Problem details - Transcribe exactly the lines below that begin at the line with "Nori Recycled Polyester" and stop after the line with "Bearing large underframe", leaving out every picture.
(Supplied data)
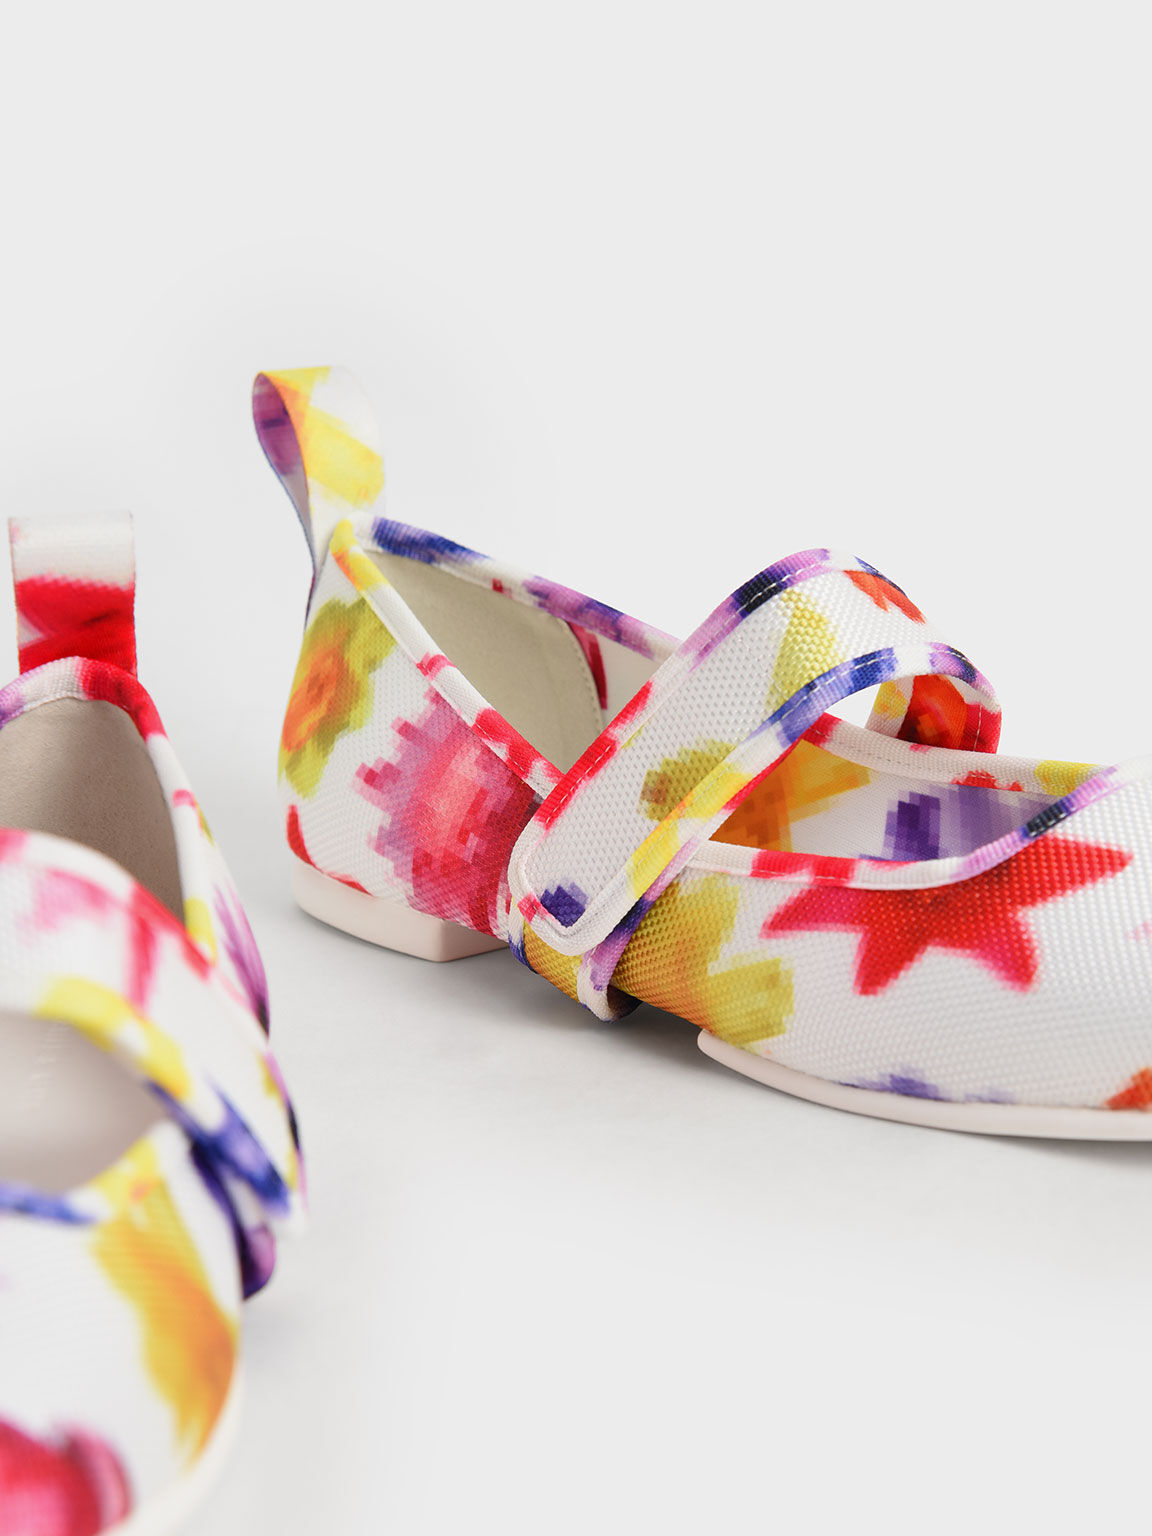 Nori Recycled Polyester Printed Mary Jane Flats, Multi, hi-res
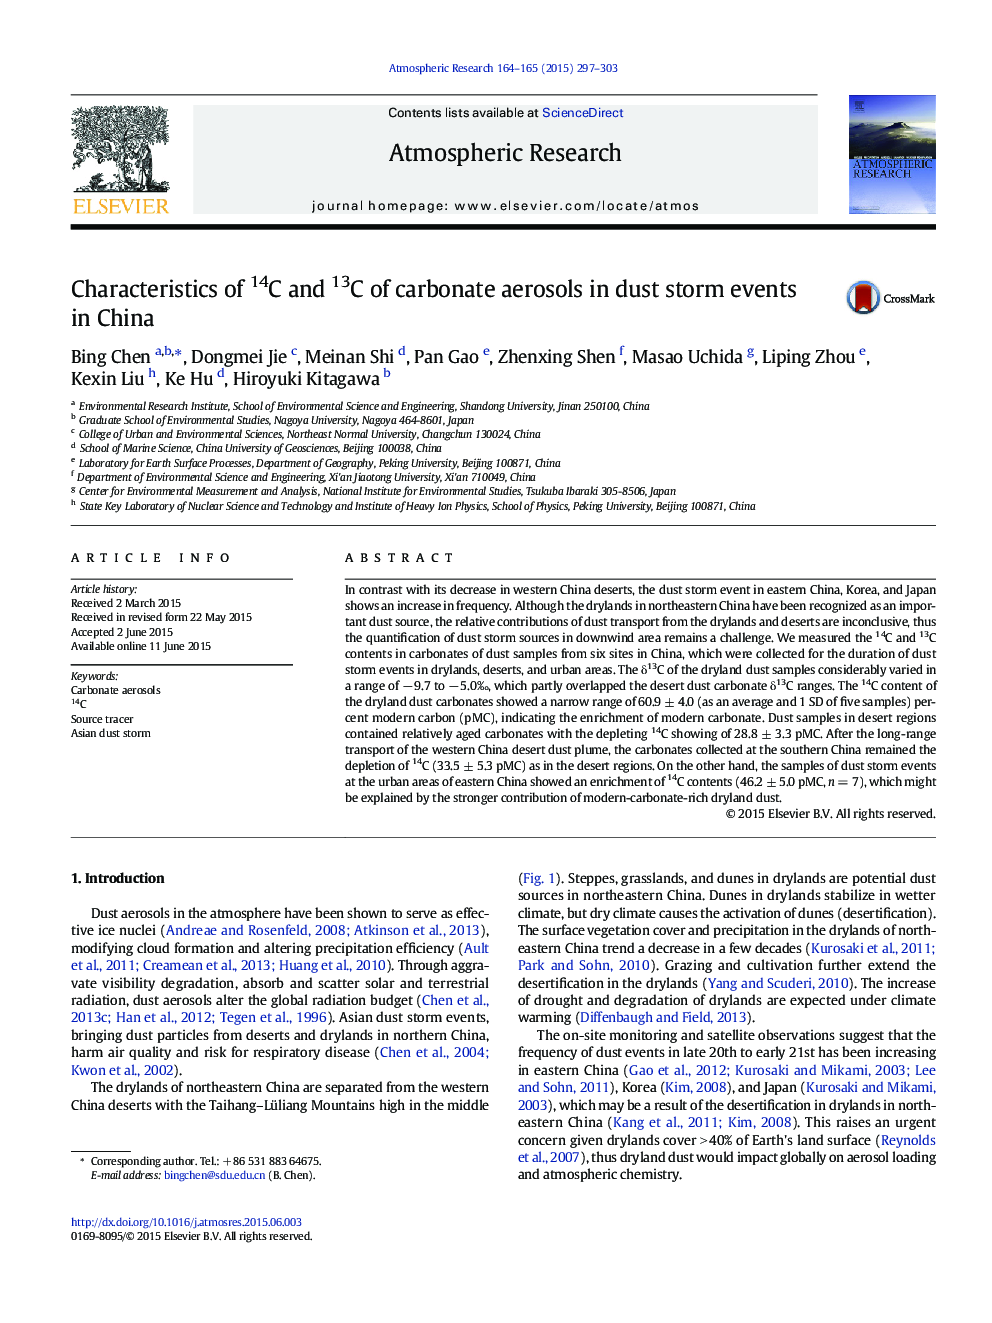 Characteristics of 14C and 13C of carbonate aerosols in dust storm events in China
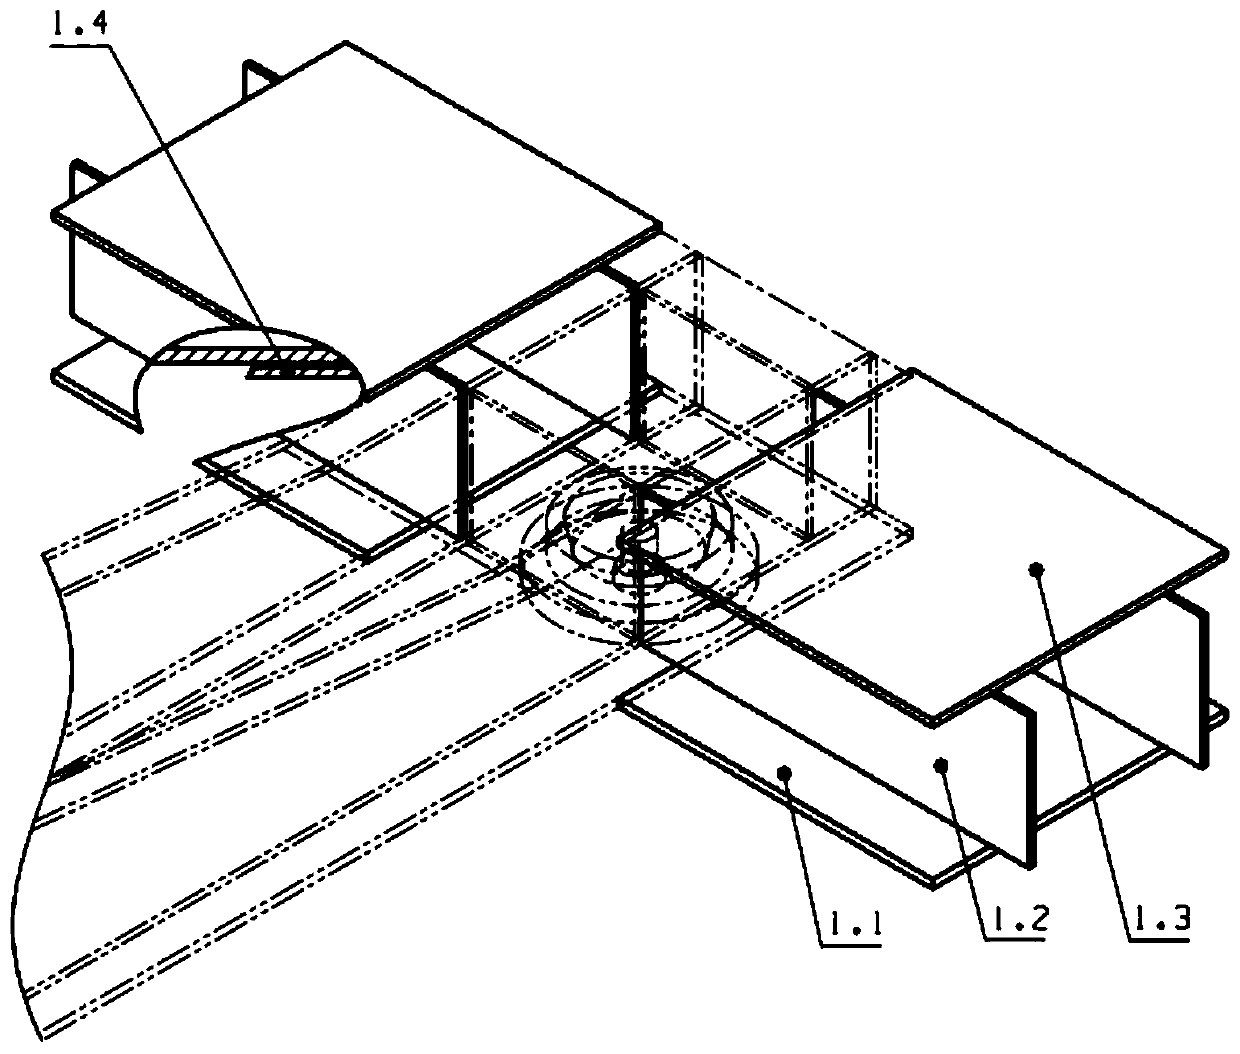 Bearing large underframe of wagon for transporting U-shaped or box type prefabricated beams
(End Supplied data)
(Supplied data)
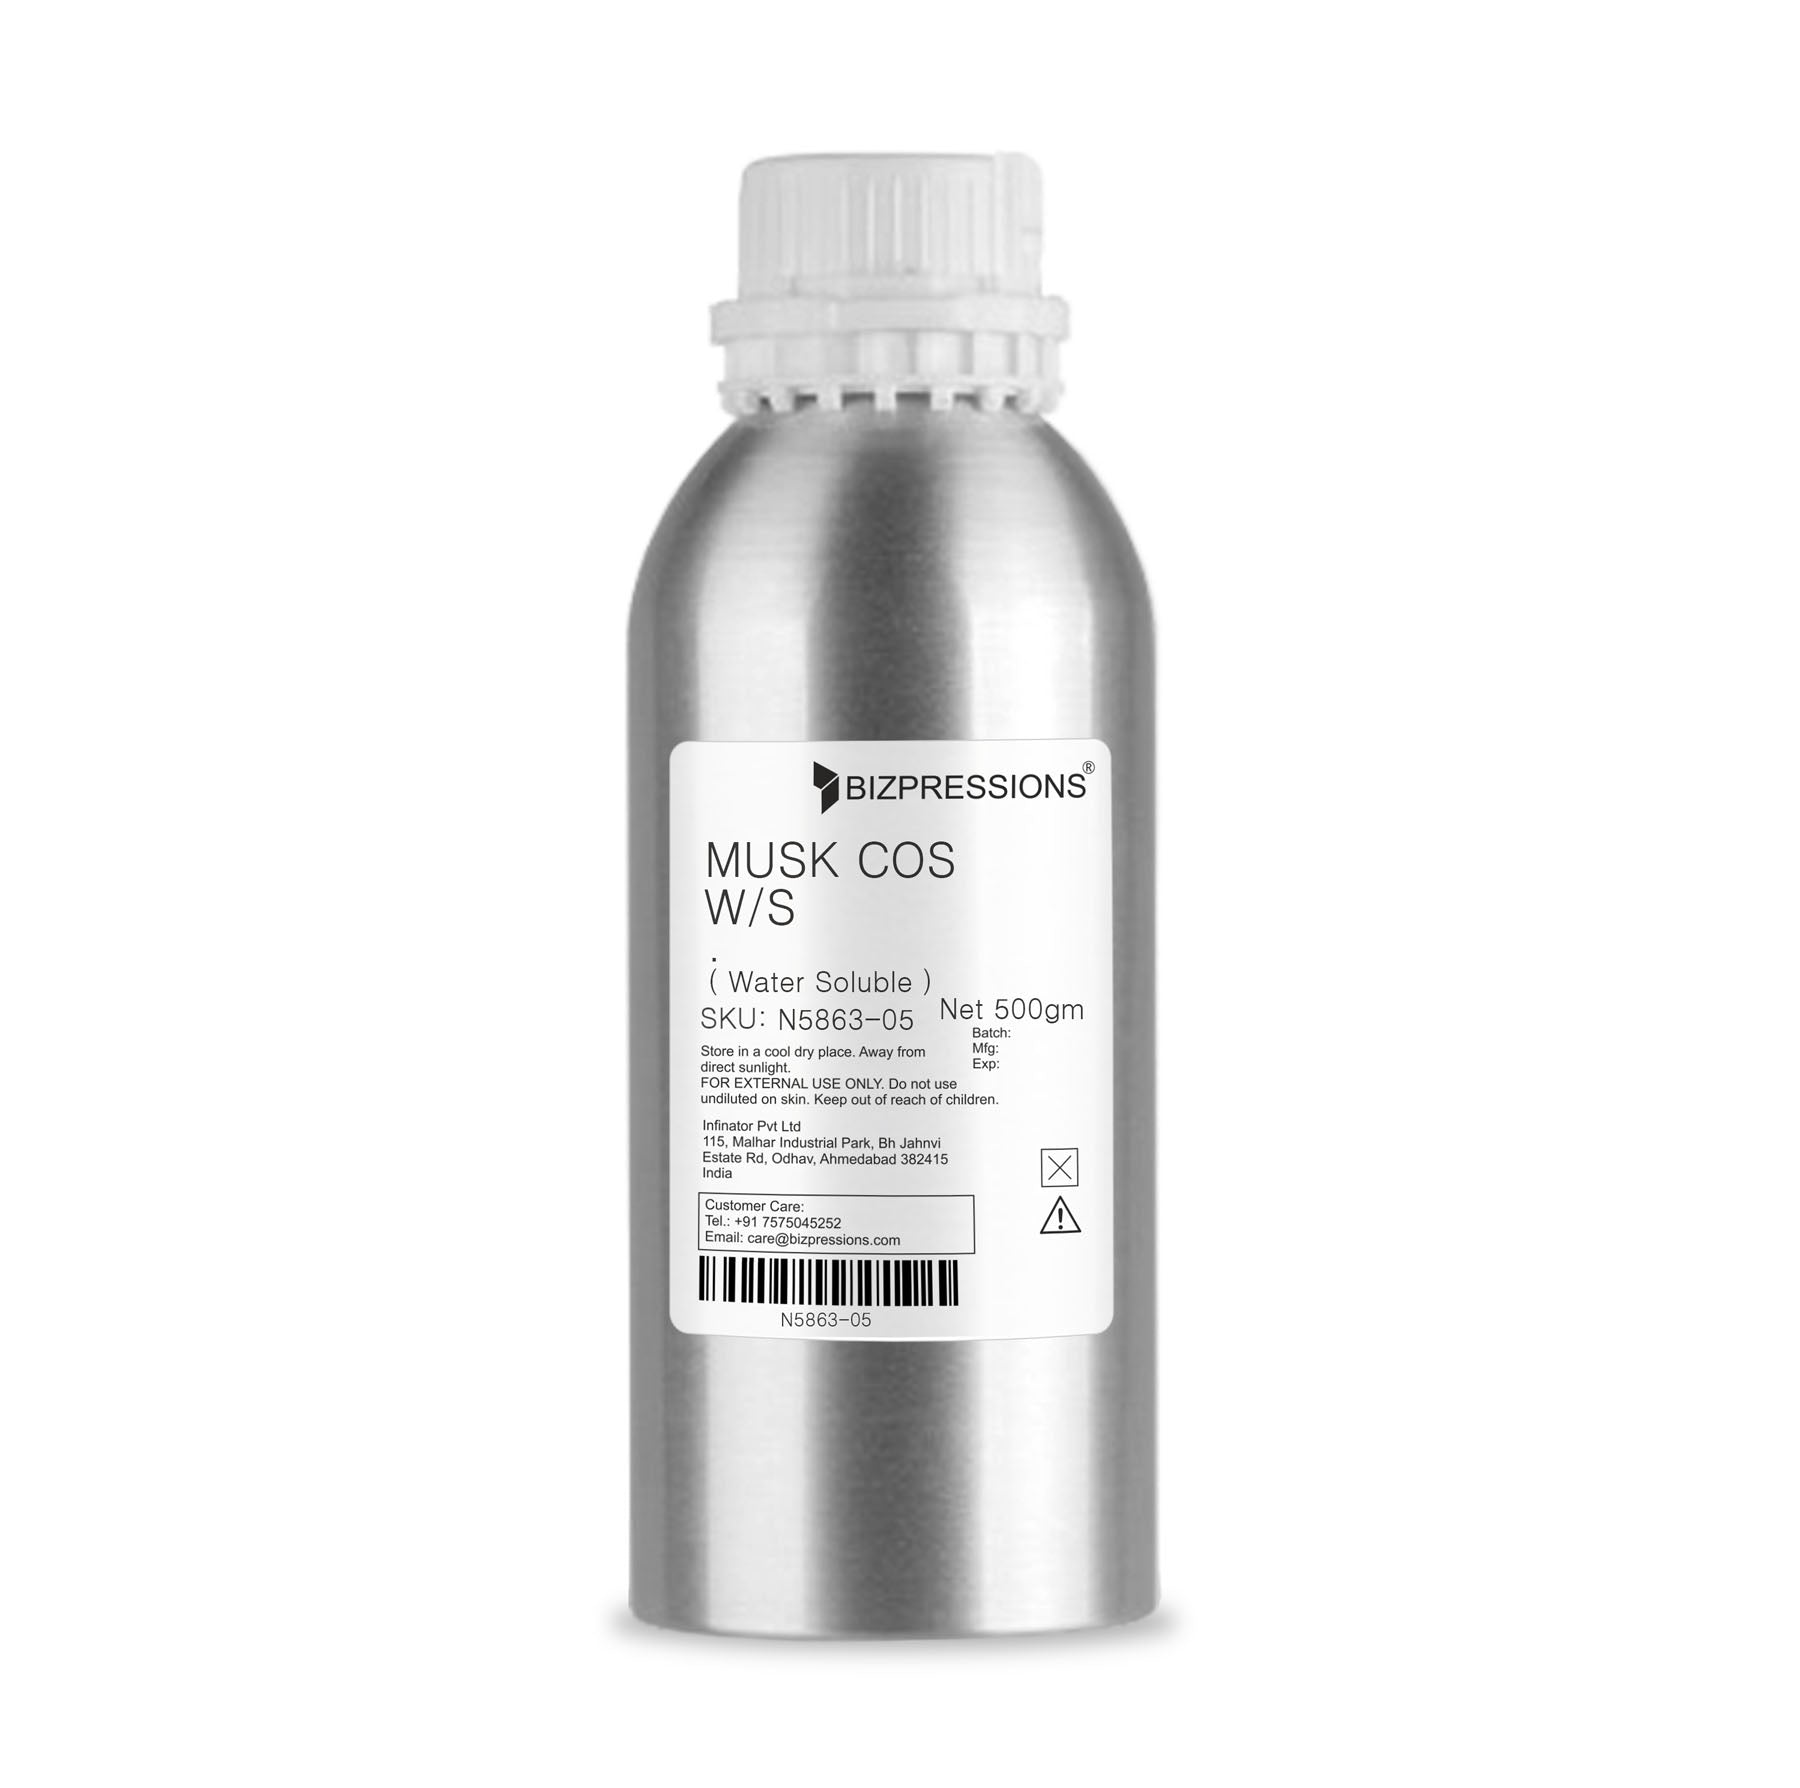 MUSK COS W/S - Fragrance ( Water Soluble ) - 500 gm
(End Supplied data)
Reply to the exercise -
 Nori Recycled Polyester Printed Mary Jane Flats, Multi, hi-res
 Characteristics of 14C and 13C of carbonate aerosols in dust storm events in China
 Bearing large underframe of wagon for transporting U-shaped or box type prefabricated beams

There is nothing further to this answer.